Beranda > Catatan Suami > MAYDAY : Kesejahteraan Buruh?

MAYDAY : Kesejahteraan Buruh?

Saya punya cara tersendiri untuk merayakan MayDay. Jalan-jalan bersama istri tercinta ke Semarang melihat-lihat Pameran elektronik dan melihat-lihat barang High-End yang tentu saja bukan konsumsi buruh seperti saya. Bertanya kesana kemari sambil sesekali menawar …. enak juga berkhayal menjadi buruh yang makmur.

Dilain sisi banyak kaum buruh merayakan MayDay dengan berdemonstrasi menuntut kesejahteraan kaum buruh. Bicara kesejahteraan buruh ada 3 komponen menurut saya yang berperan, 1. Buruh 2. Pengusaha 3. Pemerintah yang secara nalar komponen 1 tidak akan bersinergi dengan komponen 2 dan 3, Komponen 2 dan 3 bisa saja terjadi sinergi asal tahu-sama tahu dan berdalih untuk kepentingan nasional agar para pengusaha dalam dan luar negeri tidak meninggalkan Inonesia.

Bicara kesejahteraan buruh adalah sesuatu hal yang sangat tidak mungkin (anda bisa berbeda pendapat dengan saya) Pengusaha sebagai orang yang mempunyai modal tentu akan memikirkan bagaimana mencari keuntungan sebanyak-banyaknya untuk kemakmuran dirinya sendiri, terbersit pikiran untuk mensejahterakan kehidupan buruh ? jika buruh sejahtera maka keuntungannya akan berkurang. Dilain sisi pemerintah sebagai regulator pembuat kebijakan pasti juga ingin mensejahterakan dirinya sendiri (tidak perlu dijelaskan). Bagaimana dengan buruh, berdemo setiap hari-pun kehidupannya tidak akan sejahtera malah mungkin saja kesejahteraannya semakin menurun karena jarang berangkat kerja karena demo, malah bisa saja kena PHK.

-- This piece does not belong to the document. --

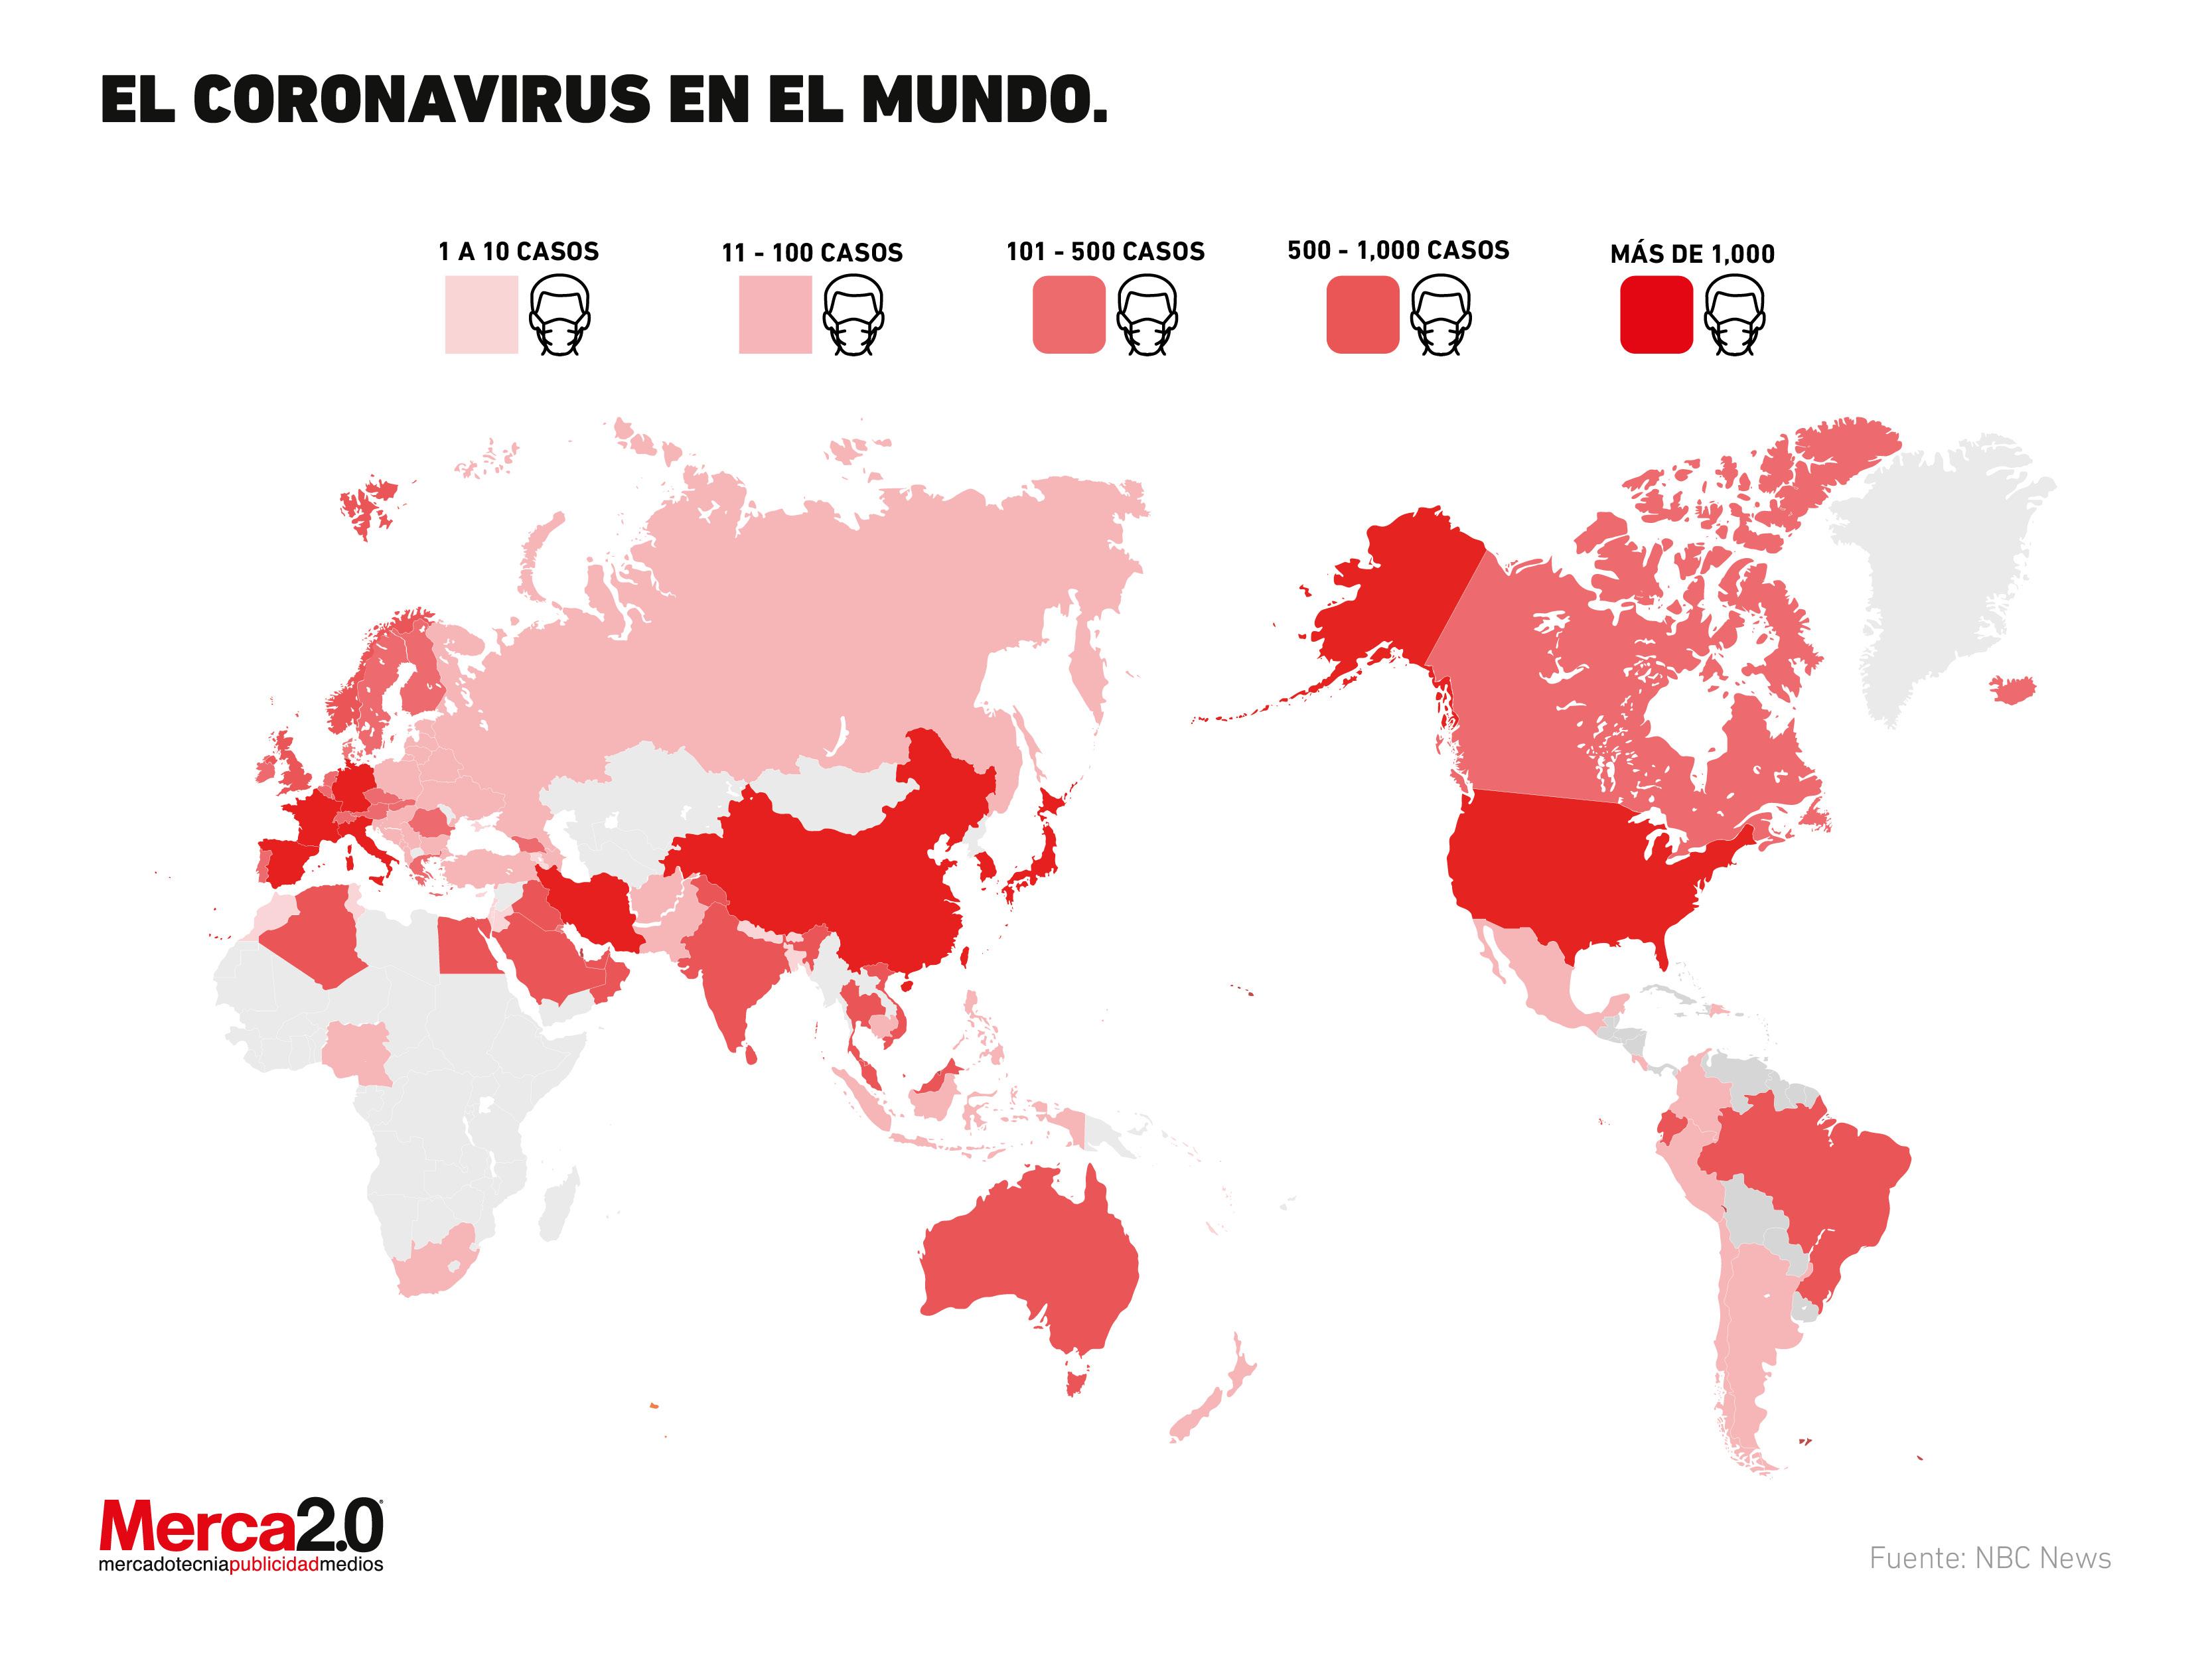 Coronavirus a nivel mundial

Saat pertama saya memasuki dunia kerja, saya diajak seorang teman baru untuk masuk kedlam organisasi Serikat Pekerja, Saat itu saya langsung menolaknya karena dunia kerja adalah bagaimana membuat sebuah sistem kerja yang efisien sehingga pekerjaan kita akan terselesaikan dengan cepat dengan tenaga sehemat mungkin🙂 . Me-manage sebuah sistem, instrumen dan mesin bekerja sesuai dengan kehendak kita. Untuk ikut aktif kembali kedalam organisasi pekerja? nggak deh… Saat 1997 Saya ikut getol berdemo menuntut turunnya Presiden Soeharto, sebuah harapan agar kehidupan yang dijalani akan menjadi lebih baik…. waktu berjalan ternyata cita-cita hanya sebuah cita-cita yang menggantung di langit tak berbatas…. Akankah saya kembali terperosok kedalam kesalahan yang sama … membuat sebuah harapan tentang kesejahteraan kaum buruh yang menurut saya tidak akan pernah tercapai …..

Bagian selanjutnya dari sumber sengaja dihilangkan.